1. 1. 1. 1. 1. 1. 1. 1. 1. 1. 1. 1.]
for the same row, the autoencoder's prediction of the same indices are-
[ 0.04615583 0.04613763 0.10268984 0.00286385 0.0030572 0.02551027
0.00552908 0.09686473 0.02554915 0.0082816 0.02254158 0.01127195
0.00305908 0.17113154 0.01140419 0.03370495 0.00515486 0.02614204
0.00558715 0.02835727 0.0029659 0.01425297 0.00834536 0.04502939
0.02260707 0.01131396 0.00561662 0.01131314 0.00493734 0.00265232
0.0056083 0.01724379 0.06099484 0.03738695 0.01128869 0.01995548
0.00562622 0.00556281 0.01732991 0.03142899 0.05339266 0.04778111
0.00292415 0.02264618 0.01419865 0.00550648 0.00836777 0.01139715]
Now, first I thought, maybe I can use some kind of thresholding to get the 1's from these values. But it seems they are pretty random. For a single row, for the first 50 zero values for my test set, my autoencoder predicts-
[ 0.14251608 0.00118295 0.00118732 0.00304095 0.031255 0.00108441
0.0201351 0.00853934 0.00558488 0.00281343 0.00296877 0.00109651
0.01129742 0.00827519 0.0170884 0.01417614 0.01714166 0.00549215
0.00099755 0.00558552 0.00829634 0.01988331 0.00092845 0.00294271
0.01429107 0.01137067 0.01137967 0.01121876 0.00491931 0.00562285
0.0055124 0.01720702 0.0142925 0.00553411 0.00551252 0.00281541
0.01145663 0.002876 0.00555185 0.00525392 0.01421779 0.00273949
0.01698892 0.02529835 0.0112521 0.01130333 0.00554186 0.00291986
0.00554437 0.01144382]
How can I improve the predictions?
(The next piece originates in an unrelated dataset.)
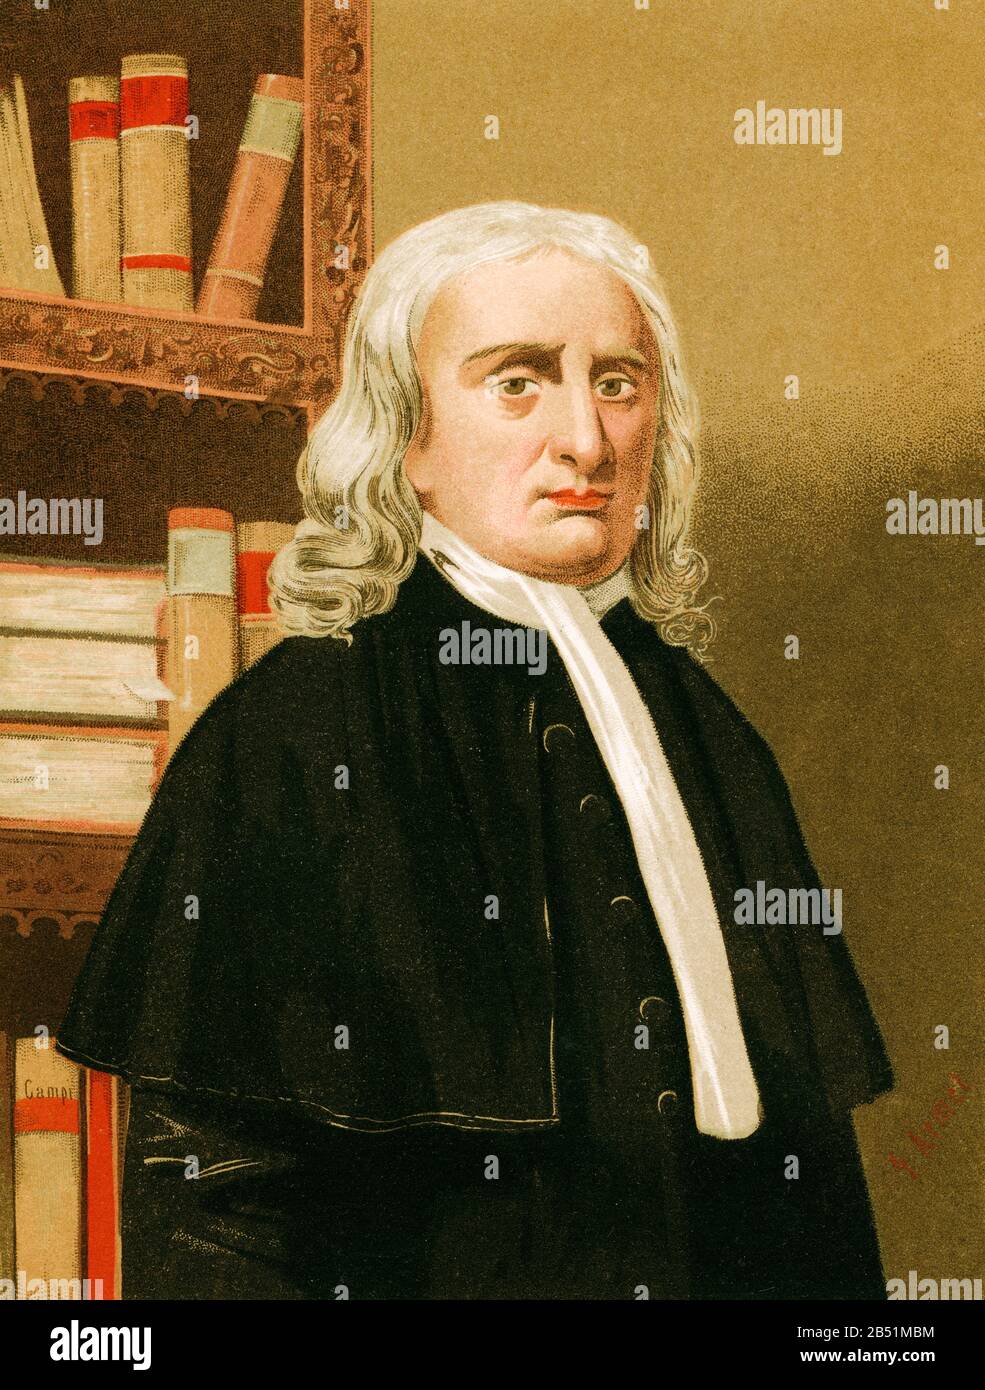 Portrait de lithographie de couleur ancienne. Isaac Newton ( 1642-1727) physicien anglais, théologien, inventeur, alchimiste et mathématicien. Il est l'auteur de th Banque D'Images

What am I doing wrong here? I must say that the data is hugely sparse. If you want you can download the toy data from here. Please, let me know if you have any questions.
One of the most important reasons is probably your training data size is just too small. You have a fully connected network and thus with 7 layers (including input and output) the number of parameters are just huge, close to 1.8M. You only have 360 training samples. So basically the parameters are untrained.
You can improve your work in two ways. One is of course to get more training data. The second is to follow the CNN example in the later part of the tutorial. CNN has been popular since it can greatly reduce the number of parameters.